The Commission is closely associated with the work of the Agency. The Agency’s tasks cover mainly the development of military capability and armaments, which are areas for which Member States are solely responsible. But the Agency also has roles - in research and technology, the defence industry and markets - which interact with Commission competences. The Joint Action establishing the Agency indicates that the Agency “should fulfil its missions in full respect of the competences of the European Community”.

As far as market issues are concerned, the Commission is willing to cooperate and coordinate its efforts with the Agency. Administrative arrangements will be established to ensure efficient working relations, in particular with a view to exchanging expertise and advice in areas of common interest.

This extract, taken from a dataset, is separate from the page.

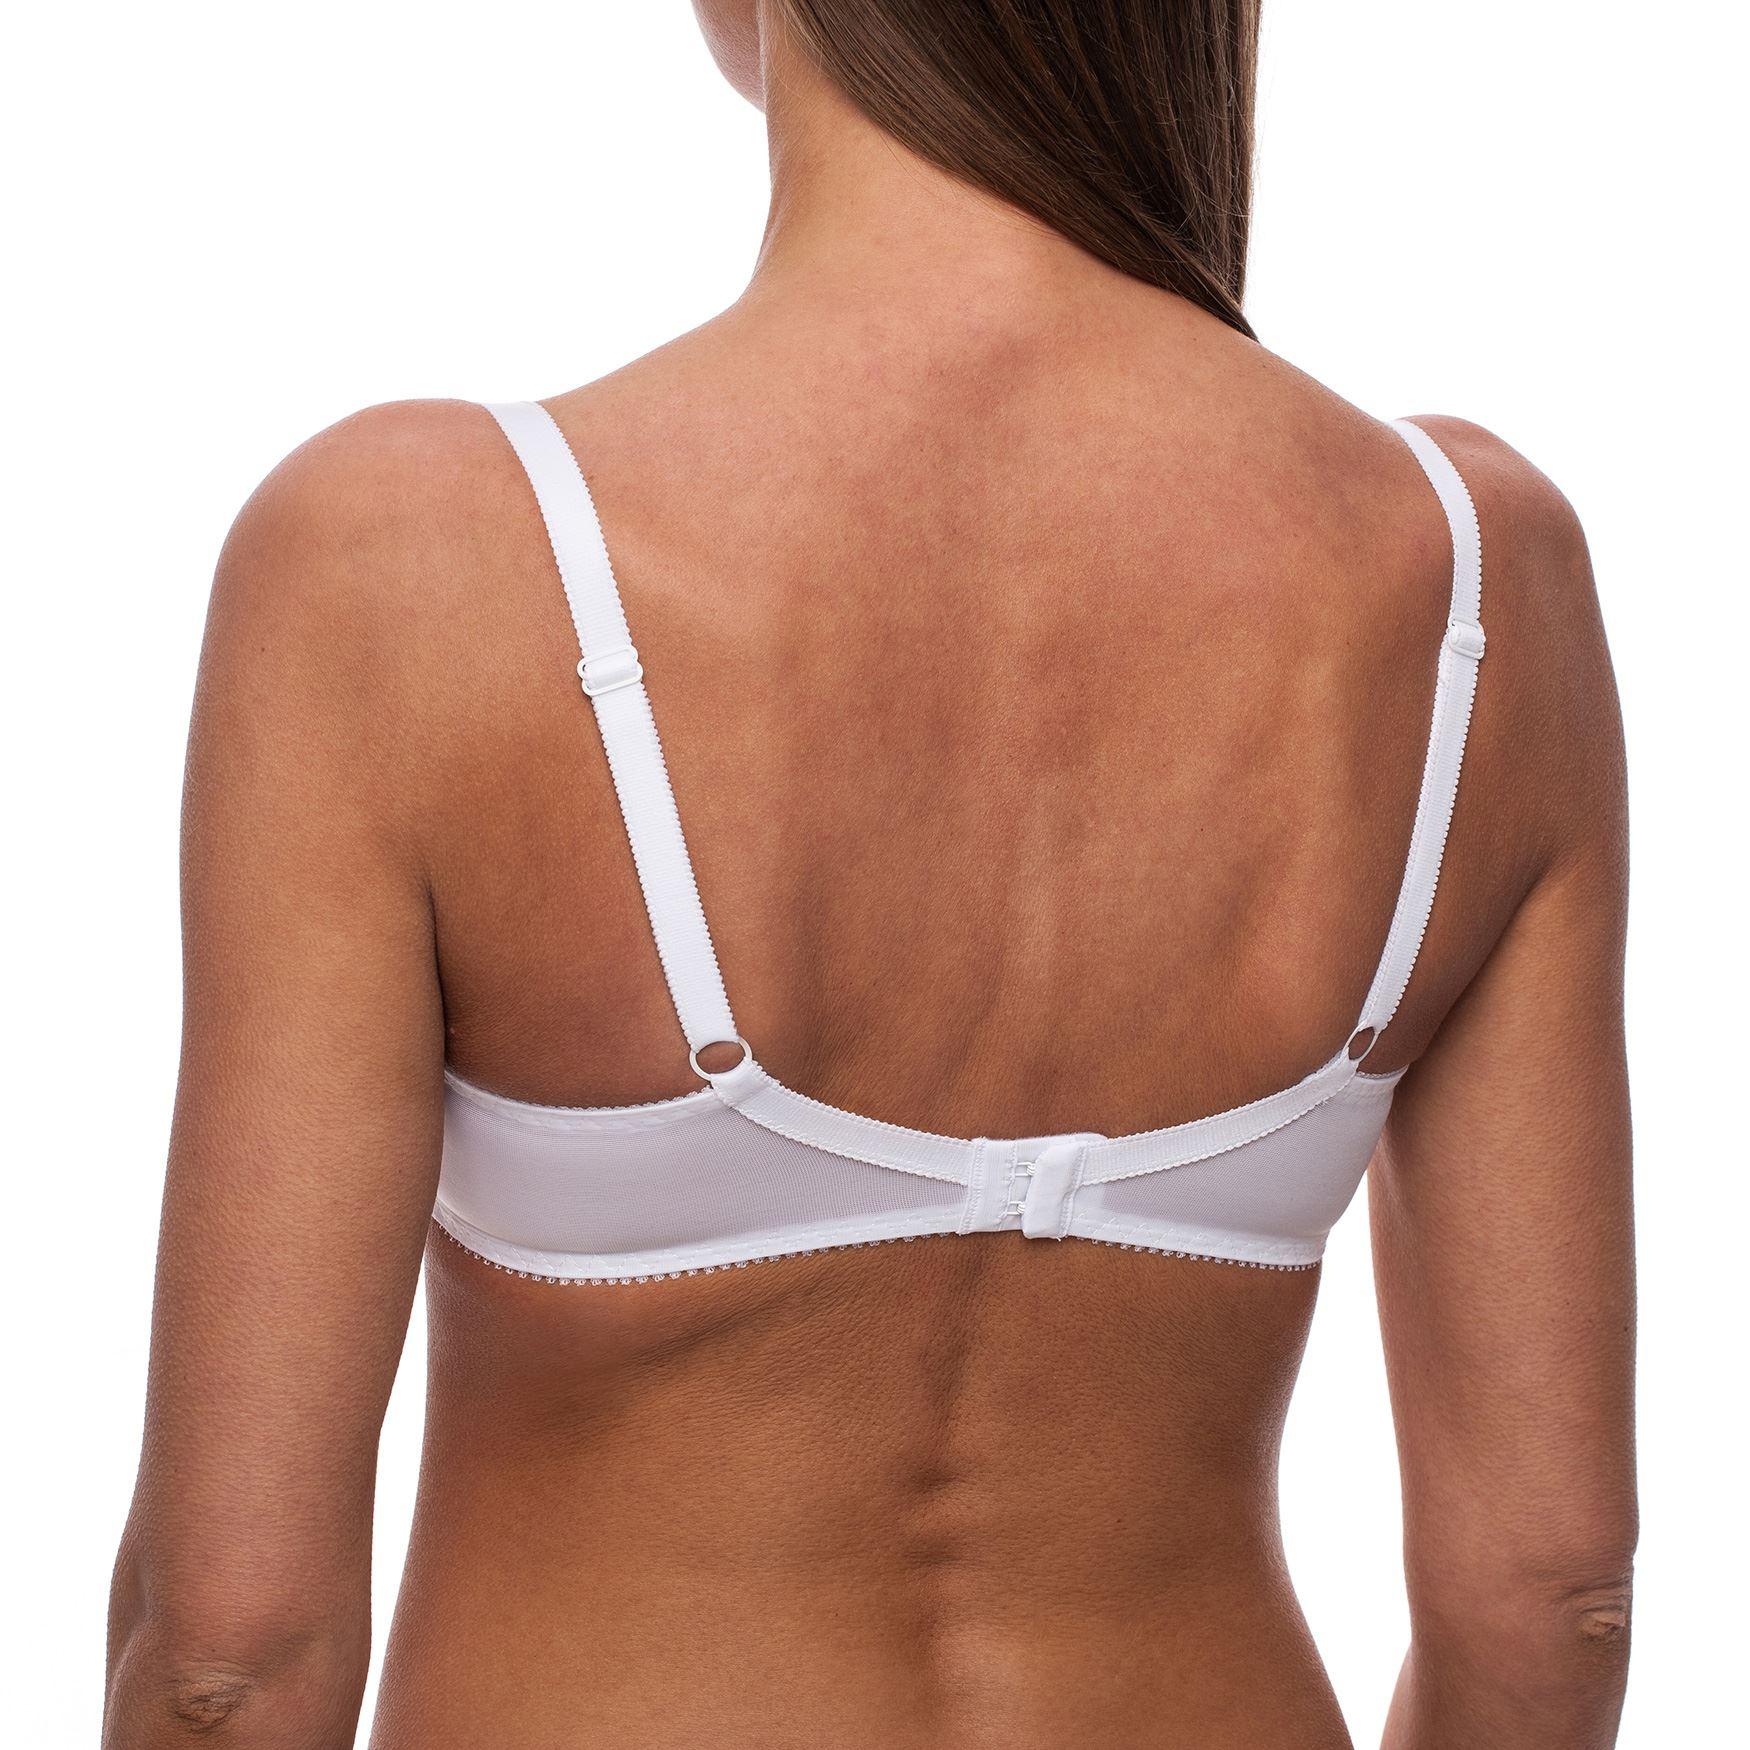 Minimizer-Bra-Sheer-Lace-Unlined-Plus-Size-Comfort-Full-Coverage-Sleep-Figure thumbnail 23

What would be the impact on the transatlantic defence market of more open defence procurement at EU level, especially via a possible Directive?

The US defence budget is more than twice the combined defence budget of the EU 25 Member States. The US allocates four times as much resources as the EU to military research, development and procurement and eight times as much to research and technology. Moreover, US companies already play an important role in European markets, the value of US exports to Europe is much higher than European exports to the US, and American investors have bought up a quite significant number of European defence companies.

In any event, the possible EU initiatives referred to in the Green Paper would aim to foster intra-European rather than international competition. A possible Directive would not automatically lead to an opening up of international defence markets. International trade markets will remain governed by WTO rules which provide under article 23 of the Government Procurement Agreement that defence products are excluded. In consequence, Member States will still have the possibility, as is the case today, to buy their defence equipment from tenderers – such as US companies - not established in the EU or to decline to do so. The opening-up of the defence market between the EU and non-EU countries could only be discussed in international negotiations if the interested parties so wished.

As for companies established in the EU but with US capital, they would be able to participate in calls for tender organised in EU Member States, under the same conditions as their European competitors. This means that they would also have to fulfil the same selection criteria, in particular security of supply and confidentiality.

In any case, the increased competition in European defence industries which would result from a more open intra-EU market will render those EU industries more suitable for partnerships with the US. There is an increasing need to share the huge development costs of new systems and this has already driven European and American firms into partnerships.